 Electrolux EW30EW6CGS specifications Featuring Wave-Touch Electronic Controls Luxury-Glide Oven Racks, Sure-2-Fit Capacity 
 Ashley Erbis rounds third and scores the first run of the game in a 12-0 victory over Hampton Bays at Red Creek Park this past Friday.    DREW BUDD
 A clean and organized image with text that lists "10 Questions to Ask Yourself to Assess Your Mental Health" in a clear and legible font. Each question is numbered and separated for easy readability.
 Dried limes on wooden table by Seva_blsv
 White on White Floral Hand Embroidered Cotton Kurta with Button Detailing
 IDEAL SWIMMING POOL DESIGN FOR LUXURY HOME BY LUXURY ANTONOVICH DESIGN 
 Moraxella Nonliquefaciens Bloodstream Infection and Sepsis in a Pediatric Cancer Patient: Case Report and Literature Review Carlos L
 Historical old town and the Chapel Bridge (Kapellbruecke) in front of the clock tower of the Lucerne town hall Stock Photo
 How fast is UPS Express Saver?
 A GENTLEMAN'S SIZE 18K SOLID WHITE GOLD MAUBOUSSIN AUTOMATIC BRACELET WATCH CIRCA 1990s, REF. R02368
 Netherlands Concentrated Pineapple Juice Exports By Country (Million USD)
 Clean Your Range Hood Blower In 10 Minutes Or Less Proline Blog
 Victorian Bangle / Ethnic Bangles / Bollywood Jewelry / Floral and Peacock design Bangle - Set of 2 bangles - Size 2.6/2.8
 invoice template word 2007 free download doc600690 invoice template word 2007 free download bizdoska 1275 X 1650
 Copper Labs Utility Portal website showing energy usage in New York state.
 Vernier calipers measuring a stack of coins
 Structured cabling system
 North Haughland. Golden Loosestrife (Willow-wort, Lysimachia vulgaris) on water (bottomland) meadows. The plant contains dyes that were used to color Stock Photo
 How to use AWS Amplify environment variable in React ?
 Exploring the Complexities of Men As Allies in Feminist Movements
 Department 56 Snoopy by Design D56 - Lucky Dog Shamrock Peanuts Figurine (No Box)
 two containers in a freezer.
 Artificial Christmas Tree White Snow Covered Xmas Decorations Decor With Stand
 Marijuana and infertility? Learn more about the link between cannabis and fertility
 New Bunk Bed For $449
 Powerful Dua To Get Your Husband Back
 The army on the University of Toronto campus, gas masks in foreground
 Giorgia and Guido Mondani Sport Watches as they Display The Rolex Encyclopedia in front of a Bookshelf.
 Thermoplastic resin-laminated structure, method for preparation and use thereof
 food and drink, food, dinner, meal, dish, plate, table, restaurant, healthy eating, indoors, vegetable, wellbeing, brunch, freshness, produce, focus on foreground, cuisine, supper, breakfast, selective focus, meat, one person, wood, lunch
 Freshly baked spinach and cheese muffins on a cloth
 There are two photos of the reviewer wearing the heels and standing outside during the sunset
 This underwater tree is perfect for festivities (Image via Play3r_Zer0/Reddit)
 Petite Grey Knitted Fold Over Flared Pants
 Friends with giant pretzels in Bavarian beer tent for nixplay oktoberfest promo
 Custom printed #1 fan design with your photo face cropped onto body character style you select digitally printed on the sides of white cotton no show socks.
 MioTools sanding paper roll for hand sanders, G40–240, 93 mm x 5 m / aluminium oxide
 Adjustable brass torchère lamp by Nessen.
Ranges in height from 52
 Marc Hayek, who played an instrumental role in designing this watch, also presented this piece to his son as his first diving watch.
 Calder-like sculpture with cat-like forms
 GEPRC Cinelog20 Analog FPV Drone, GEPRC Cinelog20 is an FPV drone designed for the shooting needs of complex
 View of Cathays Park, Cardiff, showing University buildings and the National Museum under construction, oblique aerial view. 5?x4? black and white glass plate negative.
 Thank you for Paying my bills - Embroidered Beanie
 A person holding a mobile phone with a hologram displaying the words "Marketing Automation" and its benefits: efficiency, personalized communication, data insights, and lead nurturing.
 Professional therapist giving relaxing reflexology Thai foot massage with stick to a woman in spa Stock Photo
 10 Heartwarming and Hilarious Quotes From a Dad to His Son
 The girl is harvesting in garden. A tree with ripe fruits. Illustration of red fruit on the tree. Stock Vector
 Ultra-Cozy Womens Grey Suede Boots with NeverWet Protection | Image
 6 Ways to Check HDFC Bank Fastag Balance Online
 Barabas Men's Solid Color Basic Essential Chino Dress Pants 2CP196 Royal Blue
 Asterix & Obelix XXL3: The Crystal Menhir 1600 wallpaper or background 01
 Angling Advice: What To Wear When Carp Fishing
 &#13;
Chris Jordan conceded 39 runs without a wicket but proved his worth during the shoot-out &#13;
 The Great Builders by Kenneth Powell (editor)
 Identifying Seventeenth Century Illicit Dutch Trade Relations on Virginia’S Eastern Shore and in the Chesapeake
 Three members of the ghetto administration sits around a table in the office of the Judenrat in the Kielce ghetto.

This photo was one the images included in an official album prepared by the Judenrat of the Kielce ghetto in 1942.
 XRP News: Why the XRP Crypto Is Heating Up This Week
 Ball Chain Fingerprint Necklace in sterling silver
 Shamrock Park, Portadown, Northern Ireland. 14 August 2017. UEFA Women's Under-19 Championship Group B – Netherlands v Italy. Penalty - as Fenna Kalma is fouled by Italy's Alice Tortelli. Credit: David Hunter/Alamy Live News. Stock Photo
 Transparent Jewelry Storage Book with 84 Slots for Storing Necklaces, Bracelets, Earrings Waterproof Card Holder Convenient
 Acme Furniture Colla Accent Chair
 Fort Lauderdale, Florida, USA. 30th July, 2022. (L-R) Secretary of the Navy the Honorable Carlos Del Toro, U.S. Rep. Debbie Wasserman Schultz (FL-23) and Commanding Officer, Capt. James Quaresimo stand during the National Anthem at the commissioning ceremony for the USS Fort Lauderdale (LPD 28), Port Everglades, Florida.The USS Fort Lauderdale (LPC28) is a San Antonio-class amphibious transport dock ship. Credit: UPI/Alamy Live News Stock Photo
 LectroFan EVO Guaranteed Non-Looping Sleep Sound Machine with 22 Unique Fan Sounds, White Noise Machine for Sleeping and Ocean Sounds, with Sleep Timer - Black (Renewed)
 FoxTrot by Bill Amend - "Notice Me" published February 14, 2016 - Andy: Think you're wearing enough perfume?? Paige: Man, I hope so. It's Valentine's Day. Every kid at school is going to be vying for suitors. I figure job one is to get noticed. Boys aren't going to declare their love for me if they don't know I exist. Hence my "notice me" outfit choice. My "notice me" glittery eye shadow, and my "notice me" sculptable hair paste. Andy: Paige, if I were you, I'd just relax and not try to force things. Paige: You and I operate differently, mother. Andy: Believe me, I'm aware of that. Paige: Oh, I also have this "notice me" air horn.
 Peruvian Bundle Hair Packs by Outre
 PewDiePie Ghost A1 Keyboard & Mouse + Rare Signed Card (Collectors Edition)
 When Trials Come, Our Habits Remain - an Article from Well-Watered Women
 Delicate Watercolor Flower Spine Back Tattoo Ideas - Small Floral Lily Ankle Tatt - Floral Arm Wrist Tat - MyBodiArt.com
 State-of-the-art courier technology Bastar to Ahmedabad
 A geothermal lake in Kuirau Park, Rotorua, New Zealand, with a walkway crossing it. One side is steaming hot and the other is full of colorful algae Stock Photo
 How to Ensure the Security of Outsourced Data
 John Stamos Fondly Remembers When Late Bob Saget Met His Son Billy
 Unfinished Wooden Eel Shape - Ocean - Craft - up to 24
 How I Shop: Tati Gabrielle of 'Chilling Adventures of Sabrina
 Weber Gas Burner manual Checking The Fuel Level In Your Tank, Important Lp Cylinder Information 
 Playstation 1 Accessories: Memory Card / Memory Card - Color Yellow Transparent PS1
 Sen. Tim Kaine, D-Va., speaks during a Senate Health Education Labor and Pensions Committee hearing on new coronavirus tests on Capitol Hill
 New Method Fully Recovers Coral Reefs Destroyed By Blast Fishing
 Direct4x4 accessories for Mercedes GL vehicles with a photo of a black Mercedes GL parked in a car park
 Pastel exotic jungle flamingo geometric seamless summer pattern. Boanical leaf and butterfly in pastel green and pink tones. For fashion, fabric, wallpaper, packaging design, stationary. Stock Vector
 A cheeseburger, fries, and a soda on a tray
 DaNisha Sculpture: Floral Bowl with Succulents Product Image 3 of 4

• • • • •

EXERCISE PROMPT: Starting with the first line above and ending with the line that holds "Victorian Bangle /", restate each line word for word and add nothing else.

SOLUTION FOR THIS EXERCISE:
 Electrolux EW30EW6CGS specifications Featuring Wave-Touch Electronic Controls Luxury-Glide Oven Racks, Sure-2-Fit Capacity 
 Ashley Erbis rounds third and scores the first run of the game in a 12-0 victory over Hampton Bays at Red Creek Park this past Friday.    DREW BUDD
 A clean and organized image with text that lists "10 Questions to Ask Yourself to Assess Your Mental Health" in a clear and legible font. Each question is numbered and separated for easy readability.
 Dried limes on wooden table by Seva_blsv
 White on White Floral Hand Embroidered Cotton Kurta with Button Detailing
 IDEAL SWIMMING POOL DESIGN FOR LUXURY HOME BY LUXURY ANTONOVICH DESIGN 
 Moraxella Nonliquefaciens Bloodstream Infection and Sepsis in a Pediatric Cancer Patient: Case Report and Literature Review Carlos L
 Historical old town and the Chapel Bridge (Kapellbruecke) in front of the clock tower of the Lucerne town hall Stock Photo
 How fast is UPS Express Saver?
 A GENTLEMAN'S SIZE 18K SOLID WHITE GOLD MAUBOUSSIN AUTOMATIC BRACELET WATCH CIRCA 1990s, REF. R02368
 Netherlands Concentrated Pineapple Juice Exports By Country (Million USD)
 Clean Your Range Hood Blower In 10 Minutes Or Less Proline Blog
 Victorian Bangle / Ethnic Bangles / Bollywood Jewelry / Floral and Peacock design Bangle - Set of 2 bangles - Size 2.6/2.8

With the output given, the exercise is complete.